Education officials have moved aggressively in recent years to try to tamp down health-insurance costs. In 2010, it switched the administration of its self-insured health-insurance program from Anthem Blue Cross Blue Shield to Cigna, which education officials have said has generated substantial savings for the school district through the discounts Cigna negotiates with health-care providers and pharmaceutical companies.

Last month, the Board of Education approved a new three-year contract for the school district's teacher union, which will move teachers from a preferred-provider organization plan to health-savings accounts, unless teachers opt to cover the difference of staying with a more expensive PPO option. The change to health-savings accounts will save the school district about $400,000 during the 2013-14 fiscal year and about $890,000 the following year, according to Pernicka.

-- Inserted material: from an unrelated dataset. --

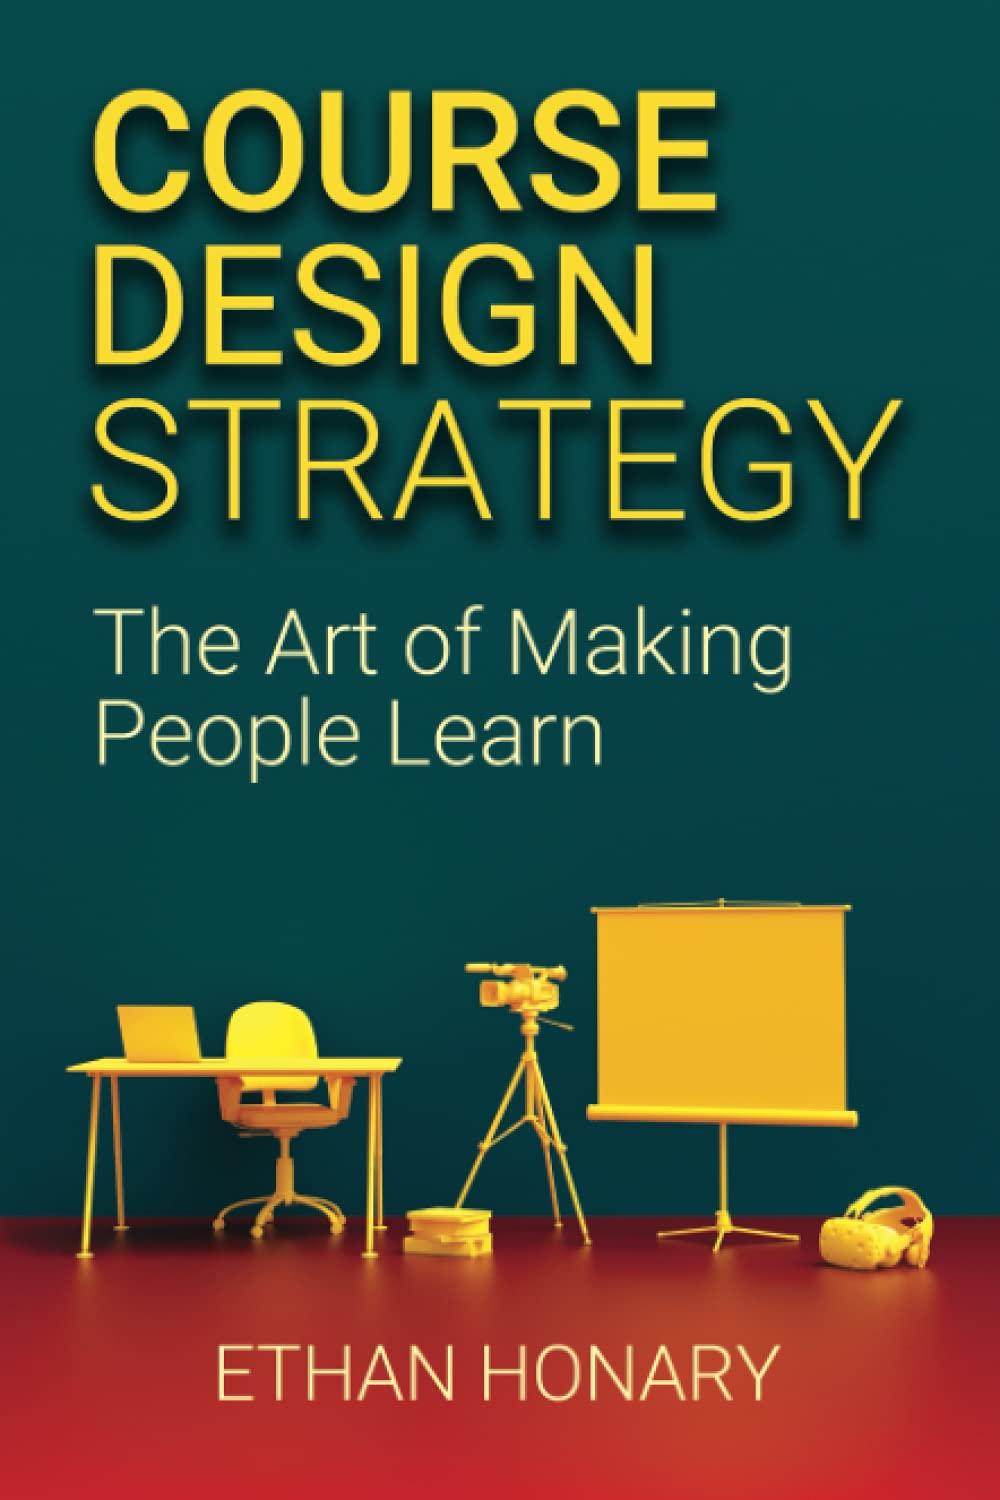 course design strategy the art of making people learn 1st edition ethan honary 1838495304, 978-1838495305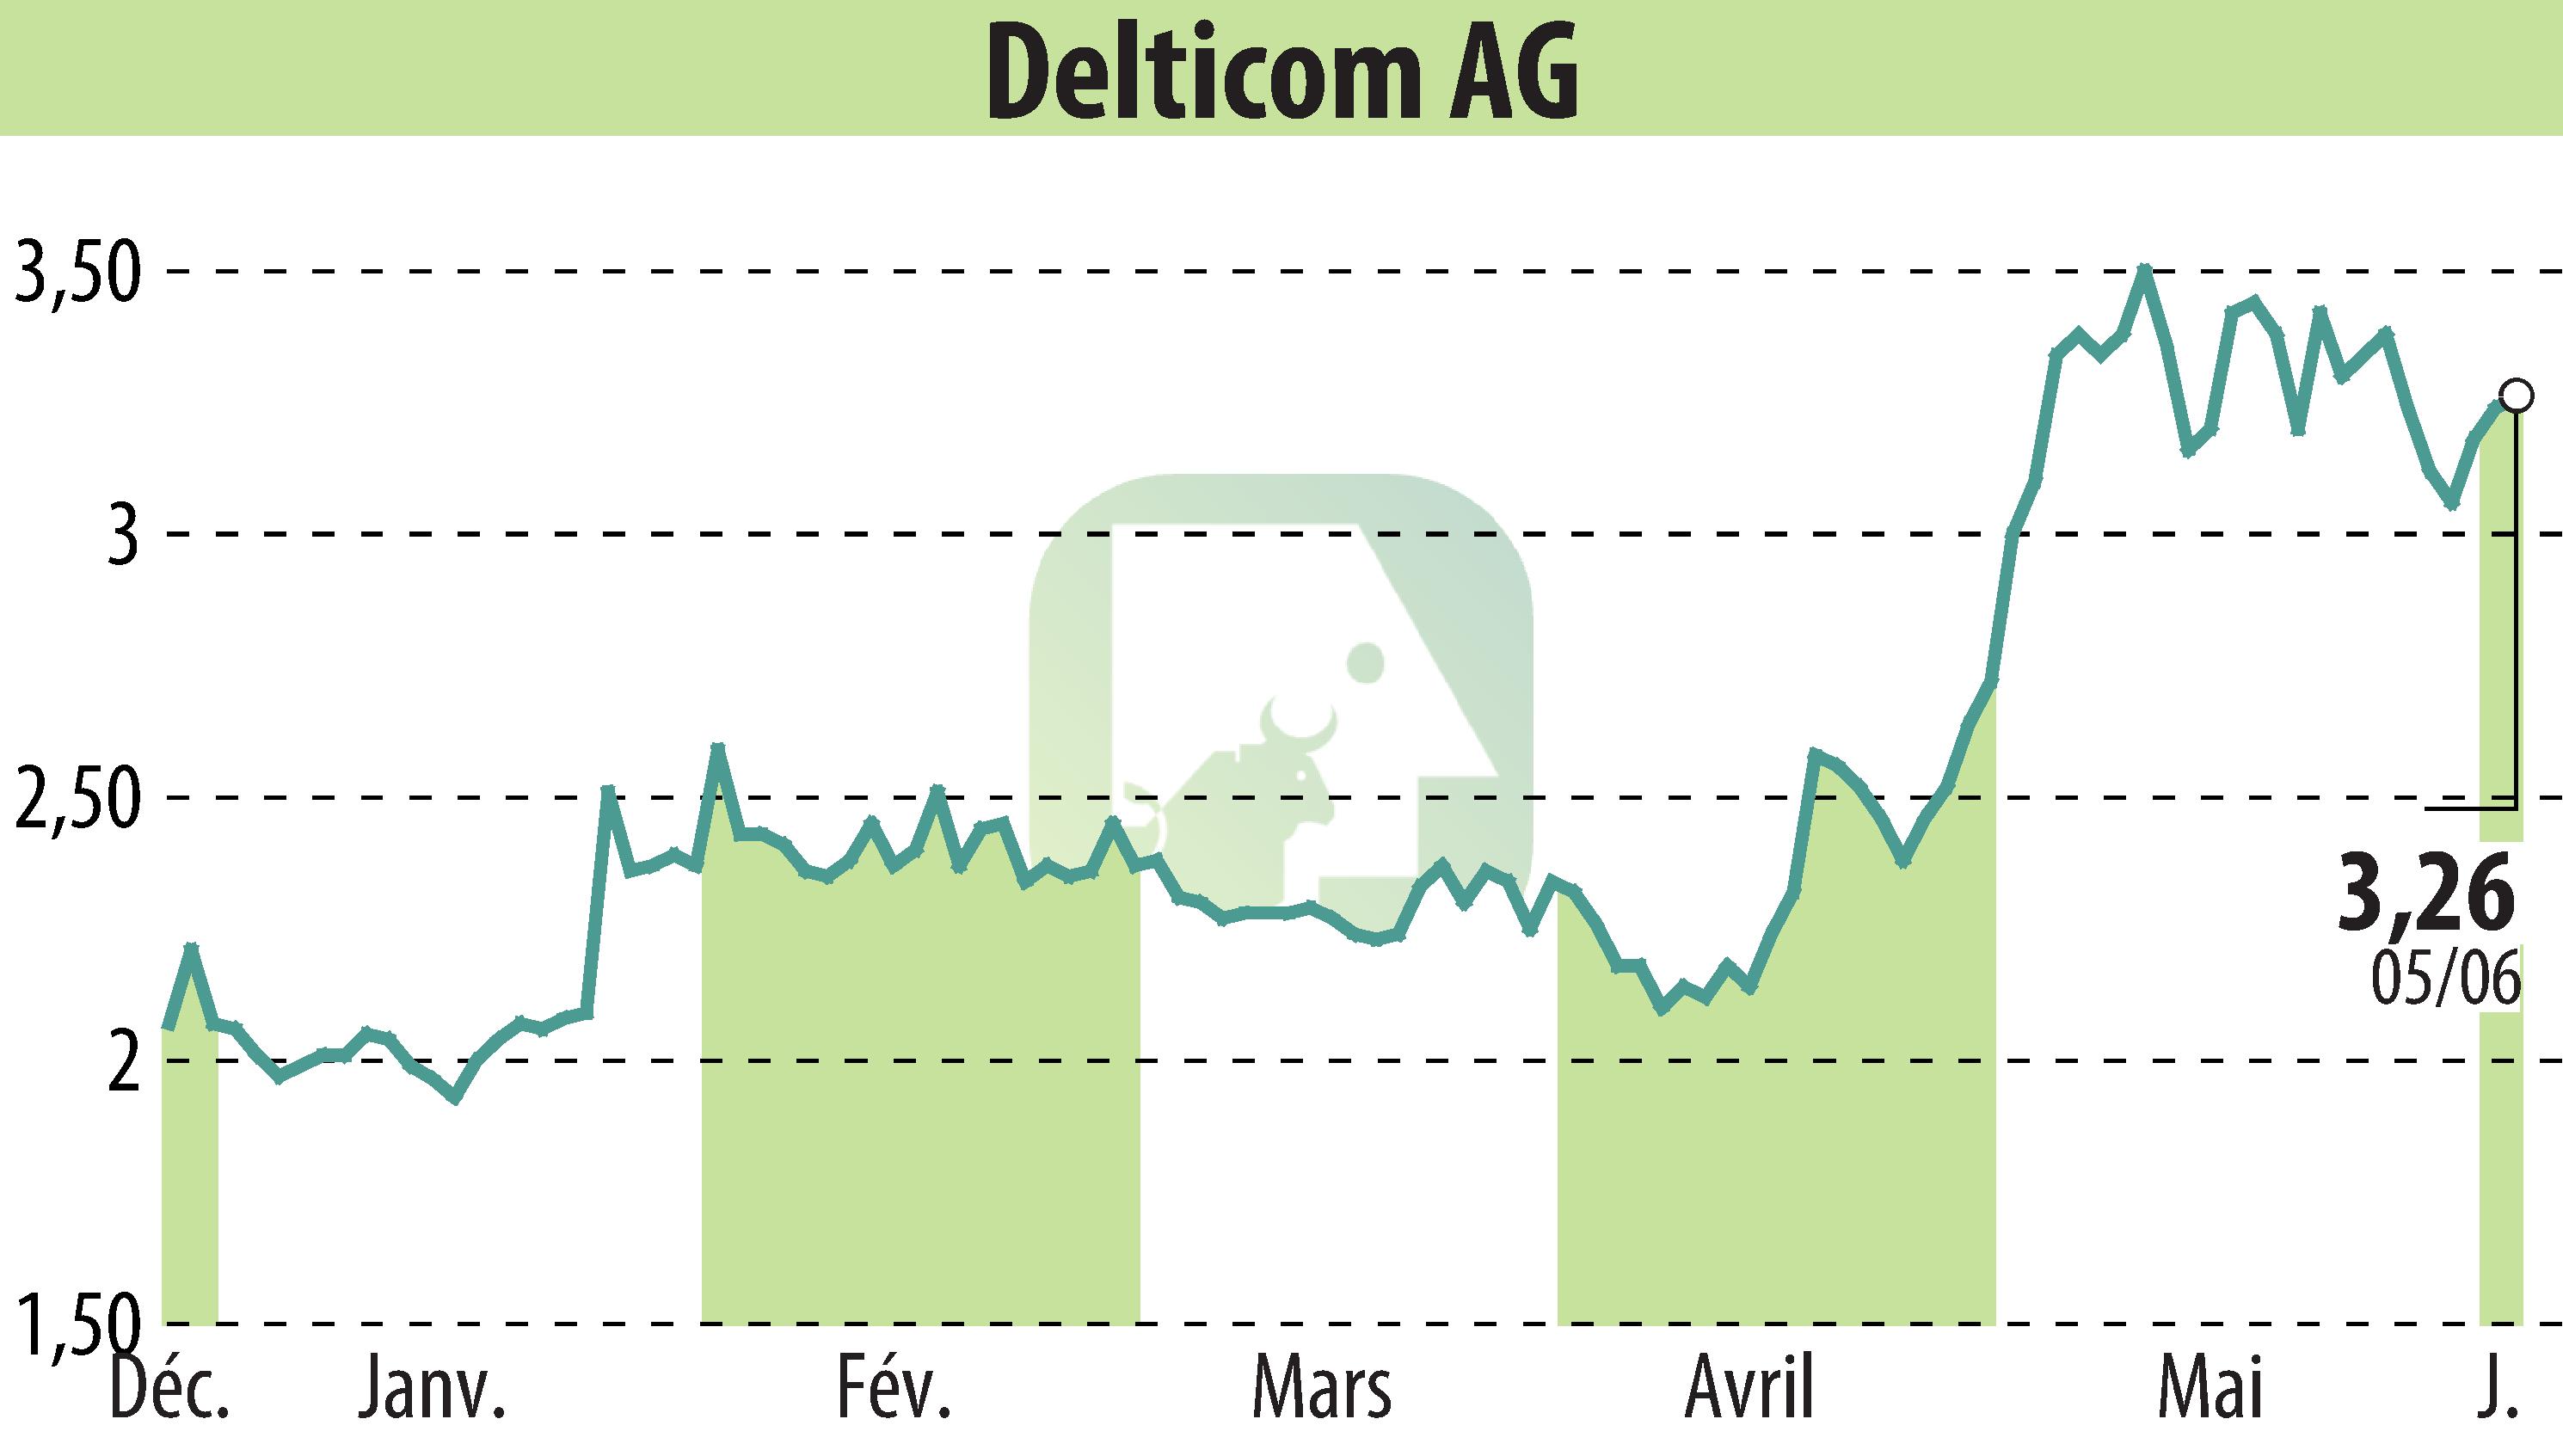 Stock price chart of Delticom AG (EBR:DEX) showing fluctuations.

The school district's health-care spending is also being closed watched by other town officials, including the Board of Finance, which will vote in March on next year's education budget. Board of Finance Chairman Avi Kaner suggested that school officials consider putting the district's "stop-loss" health-insurance plan out to bid to find a less costly policy. The school district's current stop-loss health-insurance policy caps its liability at $225,000 for each individual claim. This year, the district is paying Cigna a projected $528,000 premium for that policy; the outlay for a $225,000 stop-loss limit would rise to about $606,000 next year, according to Superintendent of Schools Elliott Landon's proposed budget.

"The reason we're asking these sort of radical questions like putting out to bid stop-loss insurance because as some [finance board members] have said, every $100,000 or $200,000 does make a difference," Kaner said.

While acknowledging that the district pays a high rate for its stop-loss insurance, Pernicka recommended against the school district pursuing Kaner's proposal.

"We can go out to the marketplace and shop that, the problem is I don't think it's a good idea for the management of what needs to be done to separate your stop-loss insurance," Pernicka added.